For a product to make it into the mainstream, early adopters have to like a product enough to undertake the often impossible task of convincing more cautious developers that new technology X is worth adopting. Technologies such as Hibernate or the Spring Framework take years to become established products. Some products, like Maven, have a hard time becoming established because they either lack sufficient documentation or have difficulty challenging well established products like Ant. I’m interested in this blind spot in the process, the time between the buzz producing introduction and early adoption to large-scale adoption usually takes months to years, and is difficult to chart because, in many ways, it is viral. HIbernate didn’t take the world by storm as much as it slowly reached a critical mass of self-sustaining adoption. A failed project like OJB certainly generated a buzz at one time, but it failed to make good on promises - in that case early adopters actively discouraged others from using it in favor of Hibernate. Turning our attention to the Google Web Toolkit (GWT)

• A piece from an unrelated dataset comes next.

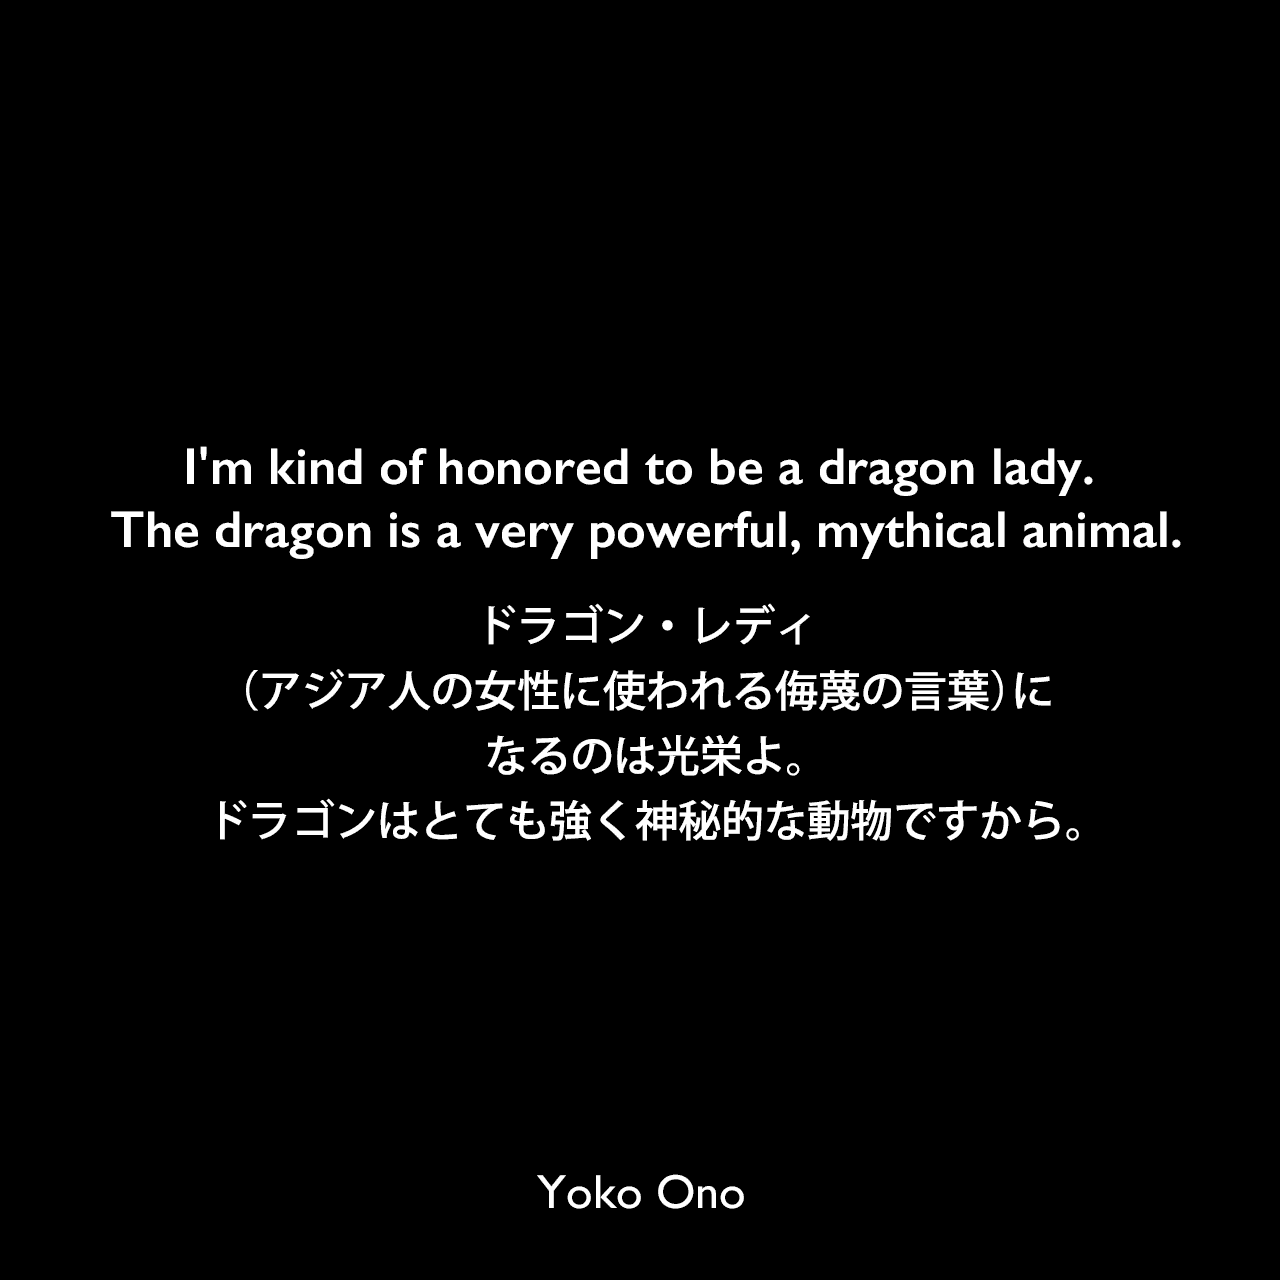 I'm kind of honored to be a dragon lady. The dragon is a very powerful, mythical animal.ドラゴン・レディ（アジア人の女性に使われる侮蔑の言葉）になるのは光栄よ。ドラゴンはとても強く神秘的な動物ですから。Yoko Ono

Where is GWT in this process?

GWT seems to be in the middle of this early-adopters stage. The initial buzz has worn off, we saw a flurry of articles and blog posts about GWT, and it appears that we’re waiting for this first class of GWT adopters to report back on experiences with the GWT. We’re waiting for the first public site to show us what is possible with the GWT. My more cautious colleagues are avoiding it altogether, actively disparaging it as a bad idea altogether. Risk averse developers tend to criticize most new technologies until they have been demonstrably proven to work in a real-world situation - “Maven ‘Sucks’ until they see that IBM is using it, etc”. Those developers that have the ability to take risks are taking the framework out for a test drive. Of these early adopters one has sworn it off completely as inappropriate for his organization, “It reminded him too much of Swing”. Another colleague has embraced the idea in principle, but doesn’t have the time to integrate it into his existing web application. In terms of adoption where is the Google Web Toolkit? What is the experience of the early adopter crowd?

To answer this question I spoke with Michael Podrazik of Grassroots Technologies, a consulting group based in New York City. Through his work with Grassroots, Michael has been using the Google Web Toolkit (GWT) for a new web application currently under development. In the following interview I asked him to communicate his own experiences with this product in an attempt to help others currently considering the GWT. I specifically asked him for an objective opinion of GWT, and to describe, in detail, the challenges he faced when developing with the GWT framework. Hopefully, this information will help you decide whether or not GWT is the right choice for your projects.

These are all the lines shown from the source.